Таким образом, с этой точки зрения публичное и частное право, уголовный и гражданский процесс, отдельные институты гражданского права и т. д. значительно отличаются друг от друга. Семейное право, а также право наследственное, насколько оно связано с семейным, несравненно неподвижнее, значительно менее способны к переформировке, чем право имущественное, а в последнем учреждения, относящиеся к имуществам недвижимым, оказываются несравненно устойчивее, чем относящиеся к движимым; мало того, между последними самую высшую степень удобоизменяемости и пересоздаваемости представляют те, которые относятся к предметам, составляющим содержание торговых отношений и операций .
Если поэтому один и тот же процесс развития начнется одновременно во всех правовых учреждениях, то все-таки дальнейший ход этого развития будет определяться различием способности к видоизменению этих институтов, и на основании этого различия легко может случиться, что в одном учреждении этот процесс развития будет уже докончен, а для других он в это время только достигнет своего высшего развития. В долгий промежуток времени от XII таблиц и до Юстиниана мы не можем указать ни одного года, даже ни одного периода в 50 или в 100 лет, который был бы нормальным пунктом для всех институтов. Для одних известный год будет выбран удовлетворительно, но для других он окажется то преждевременным, то запоздалым.

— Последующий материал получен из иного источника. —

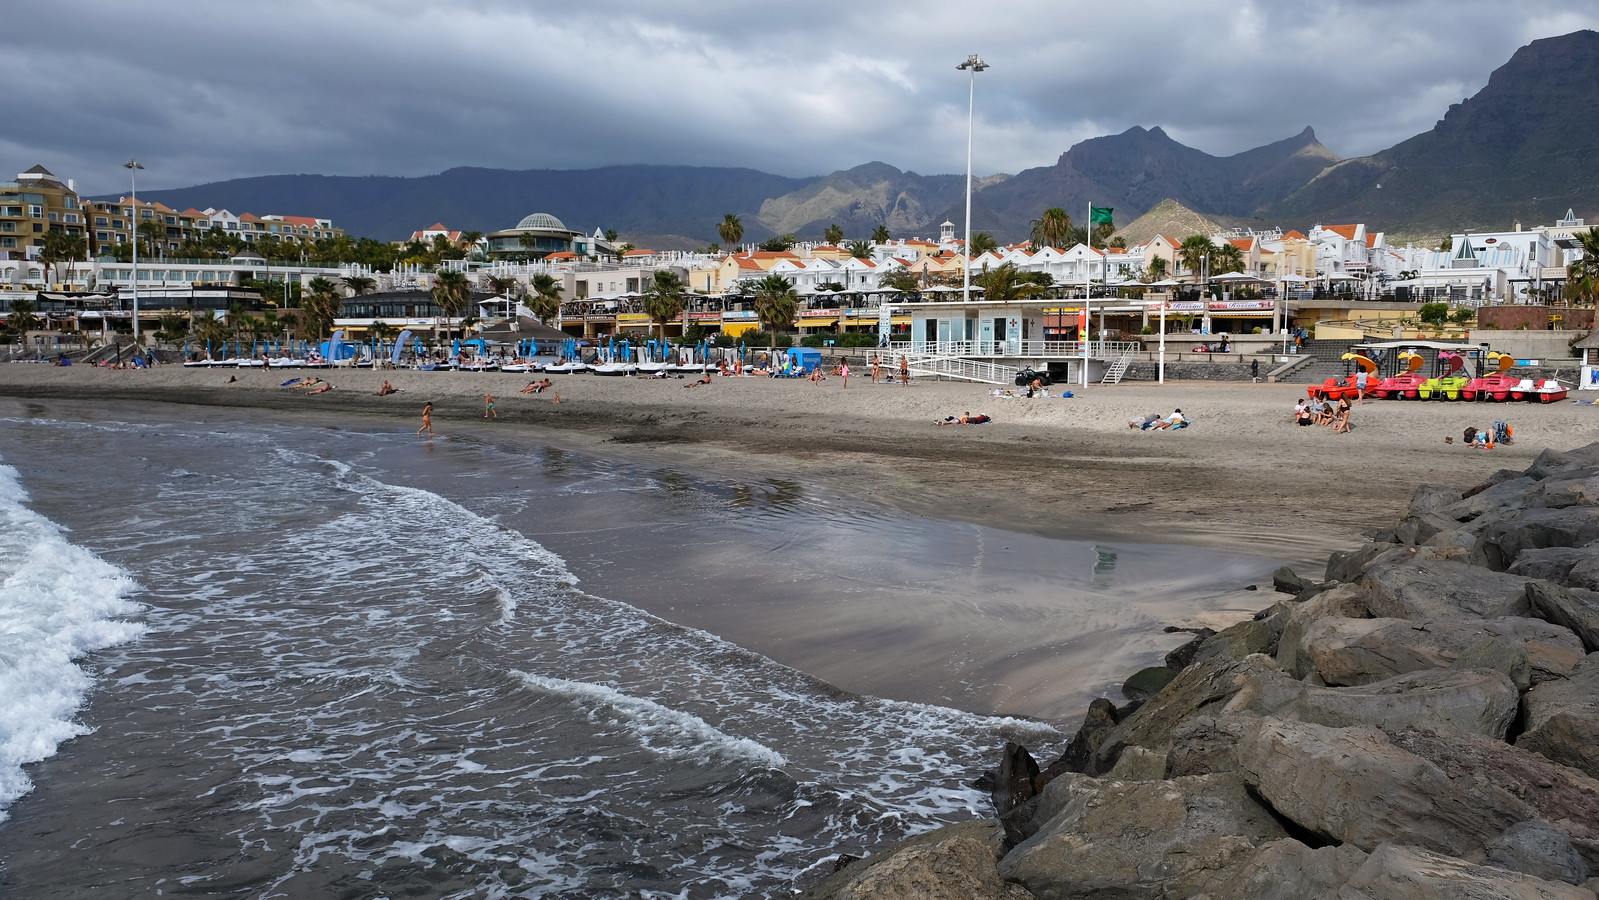 Fañabe Beach, Costa Adeje, Tenerife, Canary Islands, Spain

Но что же следует отсюда? Не отсутствие одновременности, но необходимость более обширного понимания ее. Мы видели, что разыскиваемое нами сходство развития отдельных институтов по отношению к форме их проявления имеет весьма большую эластичность; то же самое нужно сказать и относительно времени их появления; для того чтобы найти и то и другое необходимо только отыскать истинный масштаб. Мы постараемся доказать в более обширных размерах эту необходимость свободного определения времени в истории права; теперь для нас важен только результат, а именно, что при правильном выборе надлежащей точки зрения согласие в развитии отдельных институтов, на которое указывают наши историки, во всяком случае может быть отыскано.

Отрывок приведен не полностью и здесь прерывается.